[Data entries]

————

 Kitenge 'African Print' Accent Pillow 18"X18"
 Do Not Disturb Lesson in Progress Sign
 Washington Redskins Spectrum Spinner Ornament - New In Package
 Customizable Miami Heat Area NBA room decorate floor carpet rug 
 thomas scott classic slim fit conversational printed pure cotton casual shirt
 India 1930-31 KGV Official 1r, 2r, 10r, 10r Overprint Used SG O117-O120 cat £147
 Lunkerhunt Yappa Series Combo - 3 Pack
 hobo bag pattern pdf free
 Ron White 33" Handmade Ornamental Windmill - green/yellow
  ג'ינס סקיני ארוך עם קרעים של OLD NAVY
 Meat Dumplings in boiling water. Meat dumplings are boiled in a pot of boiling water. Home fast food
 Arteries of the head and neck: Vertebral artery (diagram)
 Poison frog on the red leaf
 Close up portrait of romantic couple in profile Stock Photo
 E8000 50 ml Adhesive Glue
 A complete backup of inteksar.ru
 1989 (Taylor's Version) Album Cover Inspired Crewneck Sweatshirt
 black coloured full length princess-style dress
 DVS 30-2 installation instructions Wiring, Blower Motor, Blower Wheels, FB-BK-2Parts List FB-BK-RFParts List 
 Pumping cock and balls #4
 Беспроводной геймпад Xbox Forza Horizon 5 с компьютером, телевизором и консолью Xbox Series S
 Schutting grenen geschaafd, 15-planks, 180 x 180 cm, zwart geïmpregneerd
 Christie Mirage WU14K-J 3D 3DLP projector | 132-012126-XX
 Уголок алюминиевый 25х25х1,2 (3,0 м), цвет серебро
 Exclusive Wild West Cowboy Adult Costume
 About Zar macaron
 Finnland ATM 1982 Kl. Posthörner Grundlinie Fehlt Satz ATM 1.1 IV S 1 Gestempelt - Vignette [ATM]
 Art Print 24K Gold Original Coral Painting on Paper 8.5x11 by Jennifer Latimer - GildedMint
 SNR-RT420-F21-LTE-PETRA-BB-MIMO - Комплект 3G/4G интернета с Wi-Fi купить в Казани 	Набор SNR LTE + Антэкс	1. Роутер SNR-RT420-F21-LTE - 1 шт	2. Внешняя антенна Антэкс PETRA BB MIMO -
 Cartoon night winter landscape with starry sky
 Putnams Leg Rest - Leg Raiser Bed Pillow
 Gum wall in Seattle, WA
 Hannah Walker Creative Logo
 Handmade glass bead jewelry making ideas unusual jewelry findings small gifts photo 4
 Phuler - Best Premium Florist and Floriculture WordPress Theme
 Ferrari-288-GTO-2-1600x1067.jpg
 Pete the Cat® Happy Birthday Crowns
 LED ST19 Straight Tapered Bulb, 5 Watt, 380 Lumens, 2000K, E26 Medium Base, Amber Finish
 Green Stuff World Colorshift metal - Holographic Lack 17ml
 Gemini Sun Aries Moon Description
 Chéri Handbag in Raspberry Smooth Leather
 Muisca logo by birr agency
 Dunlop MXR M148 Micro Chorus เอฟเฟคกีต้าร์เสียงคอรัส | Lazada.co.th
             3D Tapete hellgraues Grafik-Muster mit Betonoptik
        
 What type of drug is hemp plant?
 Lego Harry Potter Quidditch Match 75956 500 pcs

————

EXERCISE DESCRIPTION: Output each line exactly, from the first line of the data down to the line that contains "E8000 50 ml Adhesive Glue", both included.

EXERCISE OUTPUT:
 Kitenge 'African Print' Accent Pillow 18"X18"
 Do Not Disturb Lesson in Progress Sign
 Washington Redskins Spectrum Spinner Ornament - New In Package
 Customizable Miami Heat Area NBA room decorate floor carpet rug 
 thomas scott classic slim fit conversational printed pure cotton casual shirt
 India 1930-31 KGV Official 1r, 2r, 10r, 10r Overprint Used SG O117-O120 cat £147
 Lunkerhunt Yappa Series Combo - 3 Pack
 hobo bag pattern pdf free
 Ron White 33" Handmade Ornamental Windmill - green/yellow
  ג'ינס סקיני ארוך עם קרעים של OLD NAVY
 Meat Dumplings in boiling water. Meat dumplings are boiled in a pot of boiling water. Home fast food
 Arteries of the head and neck: Vertebral artery (diagram)
 Poison frog on the red leaf
 Close up portrait of romantic couple in profile Stock Photo
 E8000 50 ml Adhesive Glue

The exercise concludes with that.